Disebutkan Agus, penanganan stunting dan gizi buruk seharusnya tidak lantas terhenti akibat pandemi. Sebab dapat tetap dilakukan melalui pemberian makanan tambahan (PMT) dan program bantuan pangan yang lebih tepat sasaran. Tepat sasaran yang dimaksud Agus bukan hanya penerima, namun juga komposisi isinya harus memenuhi kebutuhan gizi anak dan keluarga.

“Sekarang di dalam bantuan pangan atau sembako, ada produk tinggi kandungan gula seperti susu kental manis. Ini kan tidak tepat diberikan kepada masyarakat apalagi nanti jadi konsumsi anak-anak. Jadi saya harap hindari memasukan makanan yang tidak baik untuk pertumbuhan,” tegas Agus Pambagio.

Senada dengan Agus, dokter anak Dr. dr. Tubagus Rachmat Sentika, Sp.A, MARS mengakui sudah lumrah bagi masyarakat Indonesia menerima sembako berisi berbagai produk instan, termasuk susu kental manis. “Sekilas, bantuan ini terlihat meringankan masyarakat. Namun bila diperhatikan, bantuan untuk masyarakat dengan komposisi tersebut belum tentu meringankan beban keluarga. Saya sebagai dokter anak prihatin dengan adanya kental manis di dalam bansos, karbohidratnya lebih dari 46%. Ini dilarang dan nggak boleh untuk anak dibawah 18 tahun,” ujar dokter anak yang akrab disapa Rachmat ini.

Dalam kesempatan yang sama, dokter Rachmat turut menyampaikan kritik terhadap kebijakan pemerintah dimasa pembatasan sosial berskala besar (PSBB) ini. “Pemerintah mengurangi pelayanan kesehatan dasar seperti posyandu, puskesmas dan poliklinik yang tentu saja mengurangi program-program upaya kesehatan masyarakat (UKM). UKM ini seharusnya nggak boleh berhenti karena menyangkut program prioritas, salah satunya adalah stunting. Bayangkan, sudah ada 8 juta orang stunting, dan angka ini yang akan kita hadapi usai pandemi. _Refocussing_ anggaran akibat pandemi seharusnya diluar program-program prioritas pemerintah,” jelasnya.

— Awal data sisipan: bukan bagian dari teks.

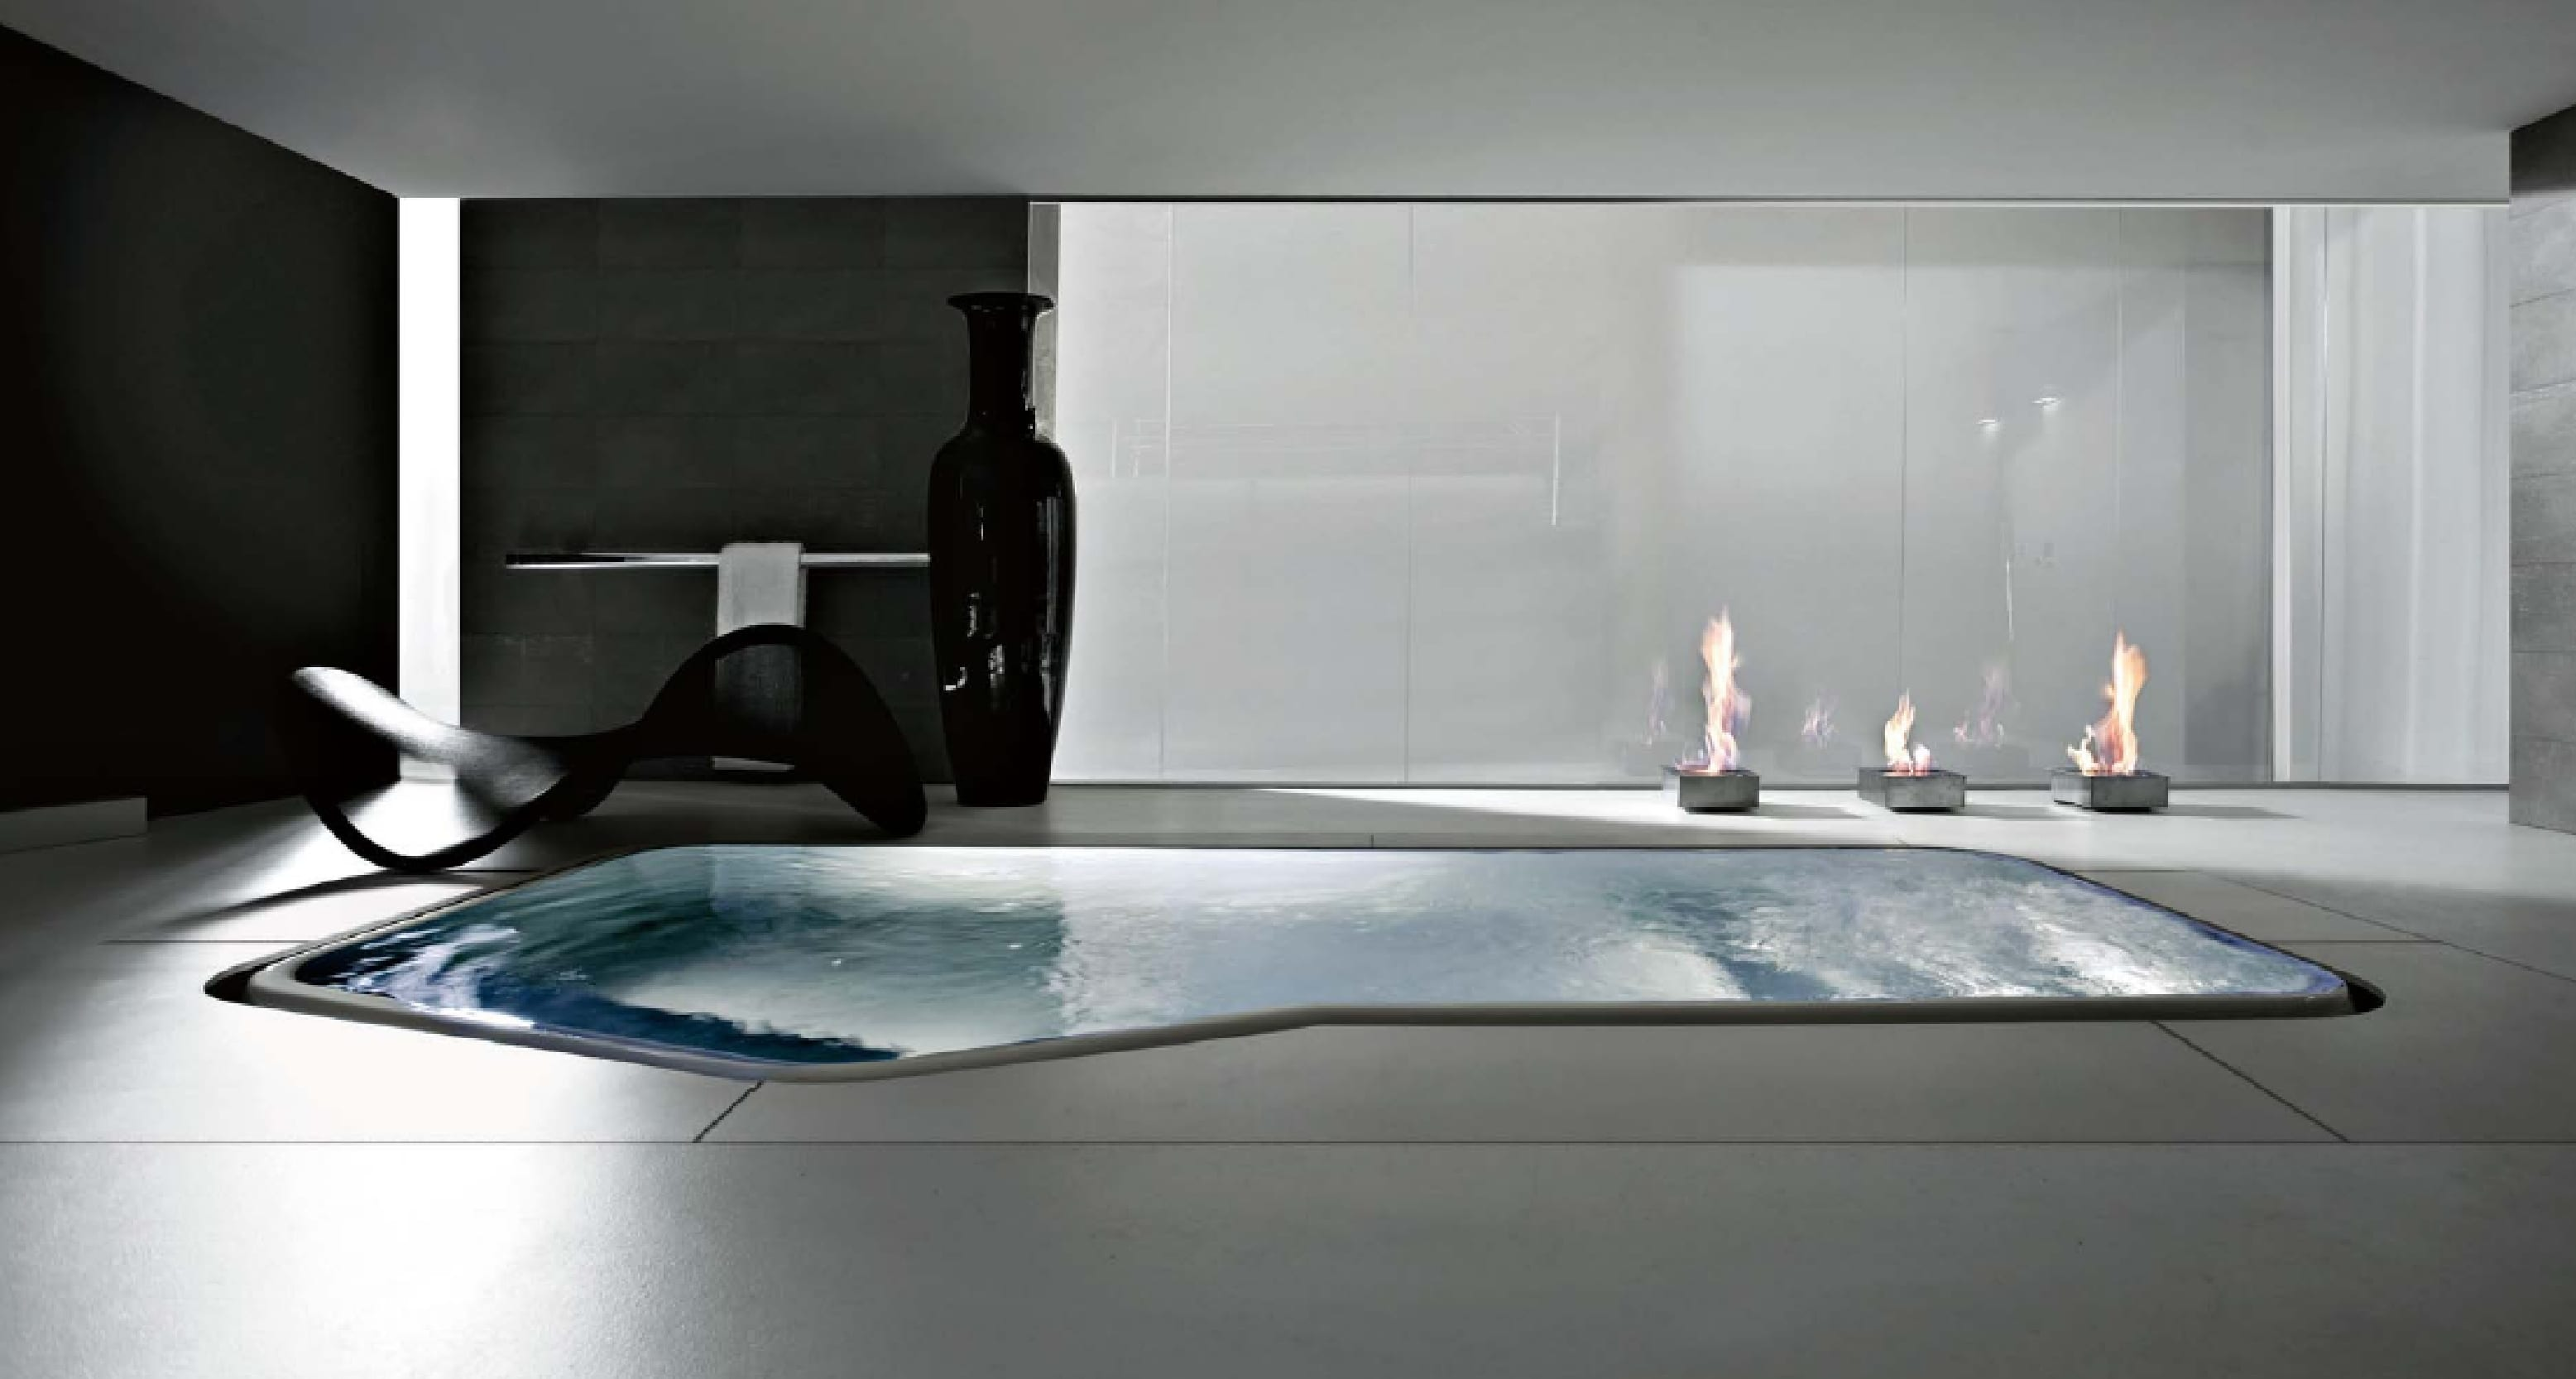 whirlpool badewanne - innenpool- luxus badezimmer

Menjawab persoalan di atas, dr. RR. Dhian Probhoyekti SKM, MA, Direktur Gizi Masyarakat,Kemenkes RI mengatakan upaya penanganan stunting tetap dilakukan dengan protokol Covid 19. “Sosialisasi dan sebaran informasi melalui media sosial tetap dilakukan dan monitoring kesehatan dan gizi anak secara virtual. Selama ini kami juga melakukan edukasi kepada masyarakat tentang pesan gizi seimbang yaitu pangan manis asin dan berlemak, termasuk mengenai bantuan sosial kalau ada yang berisi susu kental manis ya bukan buat balita, bukan juga untuk minuman tunggal,”jelas Dhian.

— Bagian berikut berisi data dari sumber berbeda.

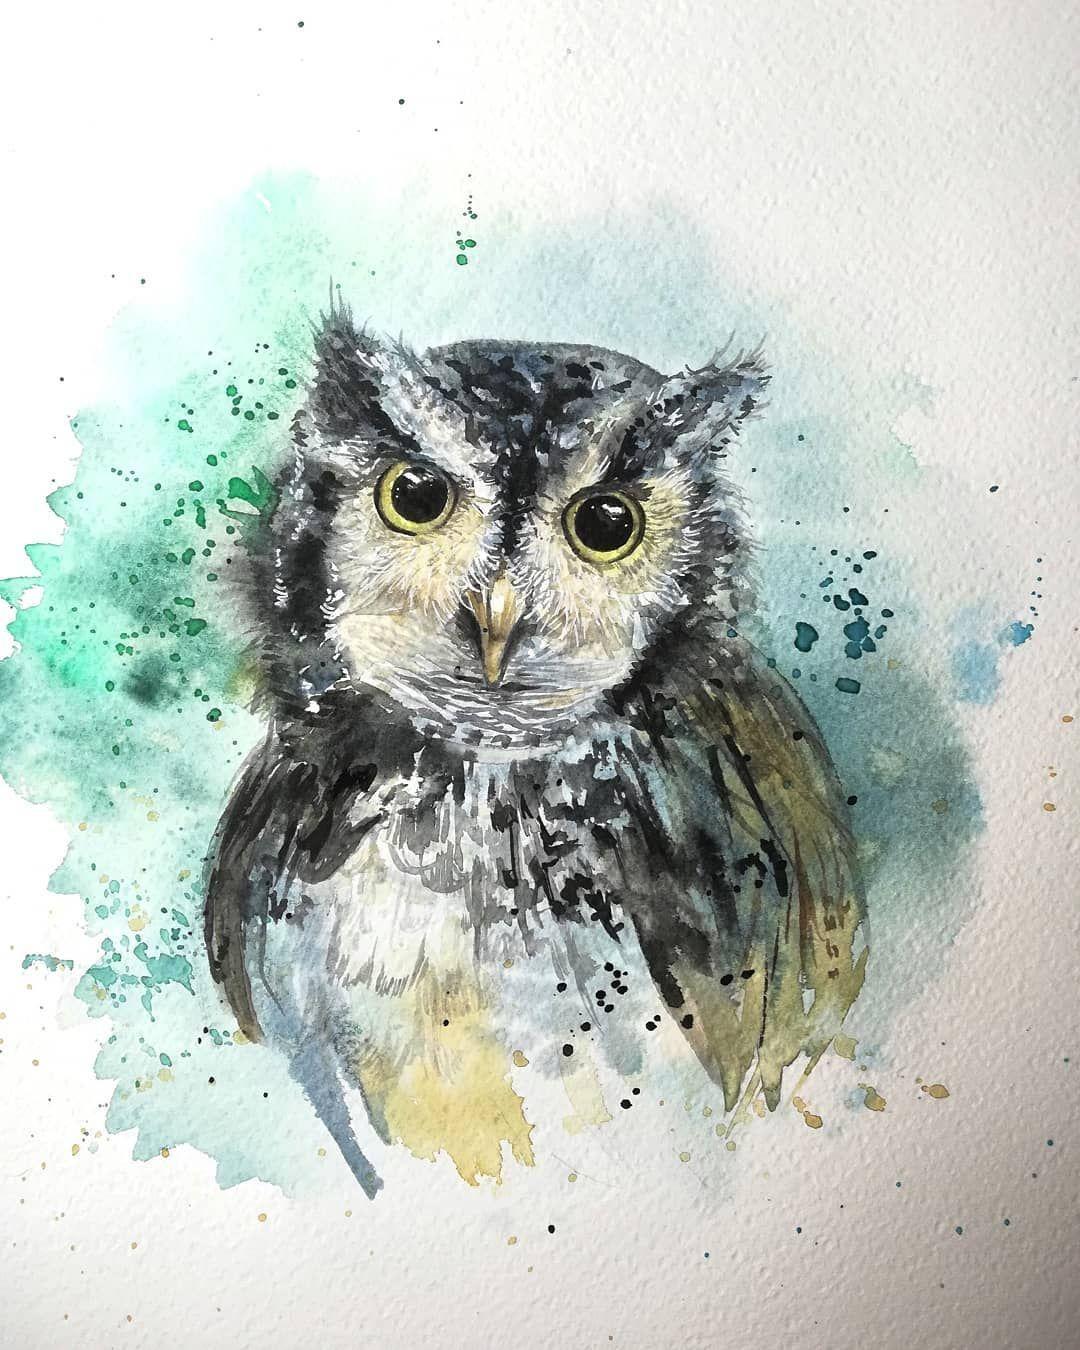 #watercolor #watercolorillustration #watercolorpaintings #painting #artoninstagram #artoftheday #artwork #loveanimals#peintureaquarelle #animalillustration #drawing #hibou
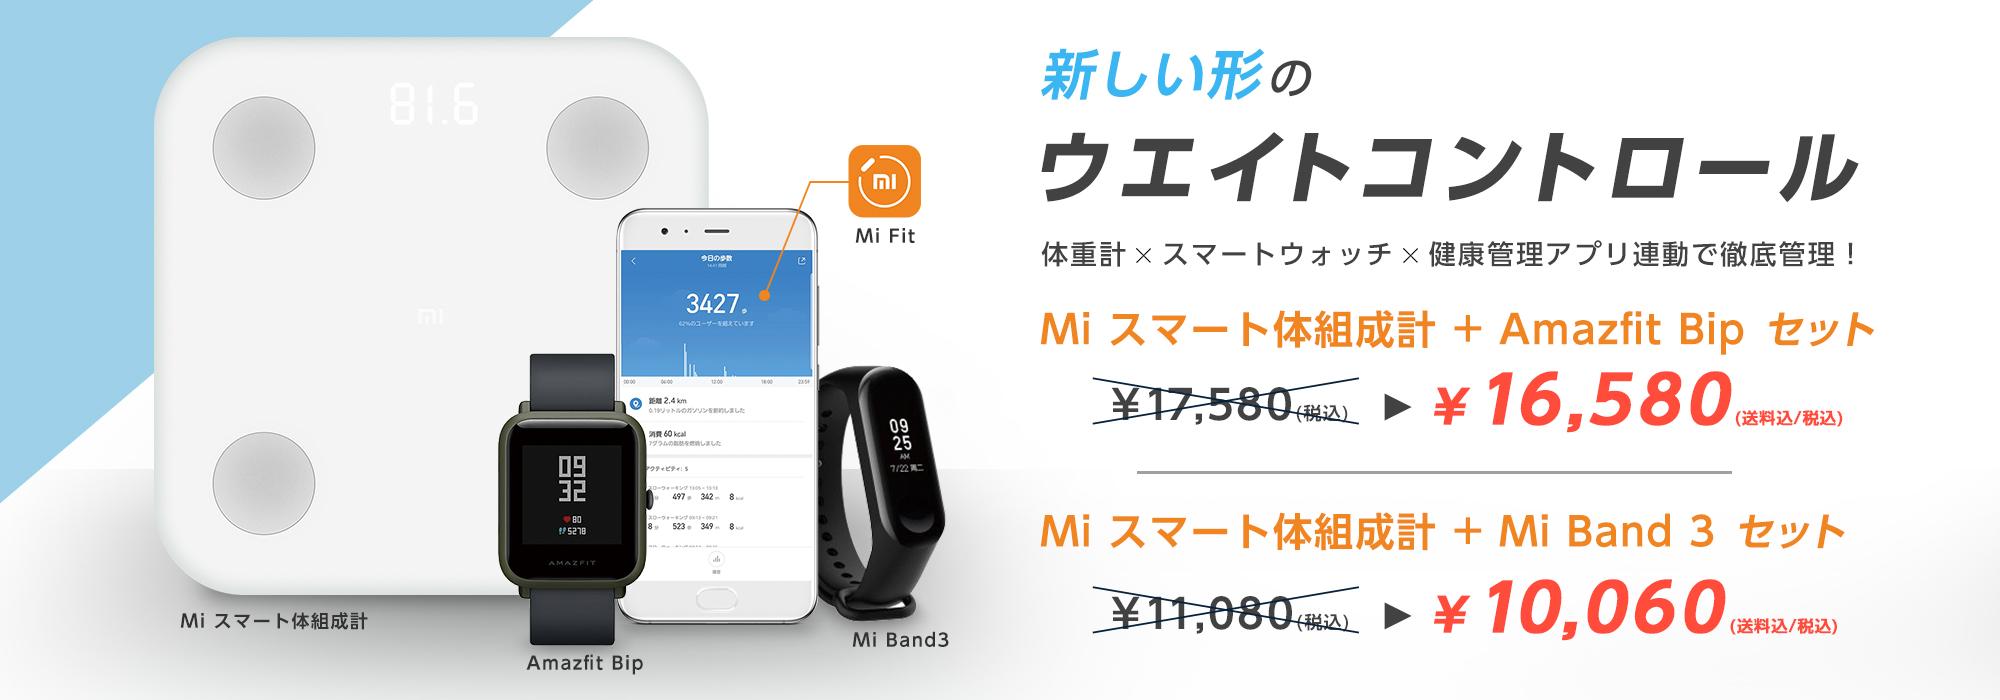 Mi スマート体組成計  Amazfit Bip  mi band3

Disisi lain, anggota Komisi IV DPR RI Luluk Nur Hamidah menyayangkan adanya usulan Kementerian Pertanian untuk memangkas anggaran program kegiatan di daerah rawan pangan dan stunting. Pos anggaran itu sebelumnya terdampak pemotongan dalam rangka refocusing anggaran Pemerintah untuk penanganan Covid-19.

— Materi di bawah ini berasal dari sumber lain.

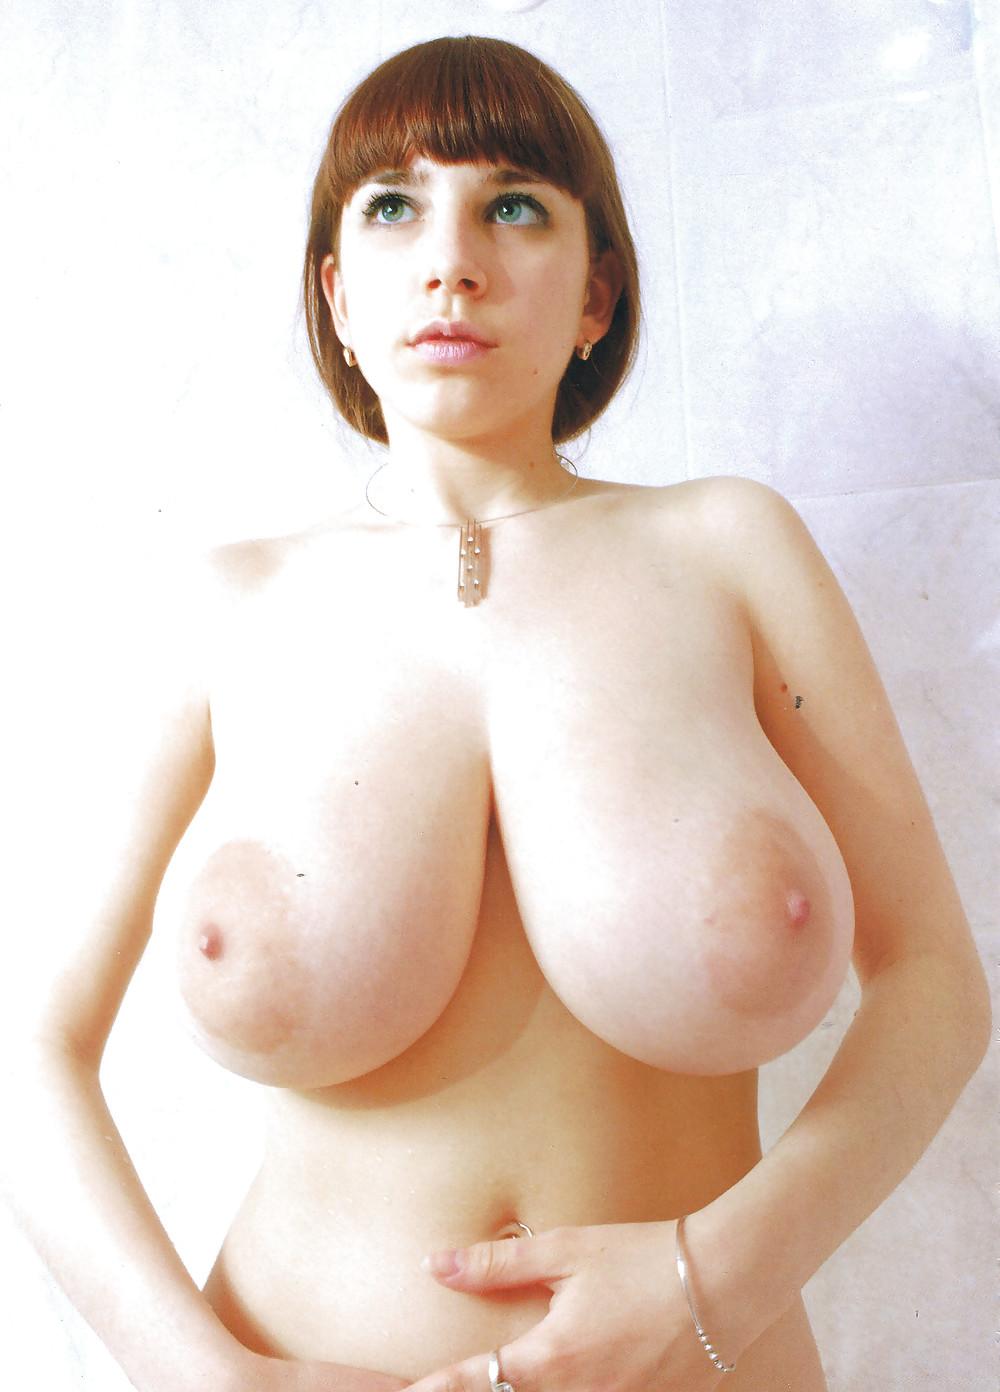 Busty russian pornstar jordan pryce goes black

“Saya sangat menyesalkan adanya pemotongan anggaran di pos ini, karena nanti implikasinya akan jadi kacau balau. Anggaran pengentasan daerah rawan pangan sebelumnya sudah kecil, ini malah dipotong lagi lebih kecil,” ujar Luluk .

Politisi PKB ini mengatakan pemotongan anggaran tersebut dikhawatirkan berdampak terhadap ancaman peningkatan jumlah stunting pada masa mendatang. Padahal, dalam pidato Presiden Joko Widodo pada Oktober 2019 lalu, Pemerintah berjanji akan memprioritaskan pengentasan stunting dalam lima tahun mendatang.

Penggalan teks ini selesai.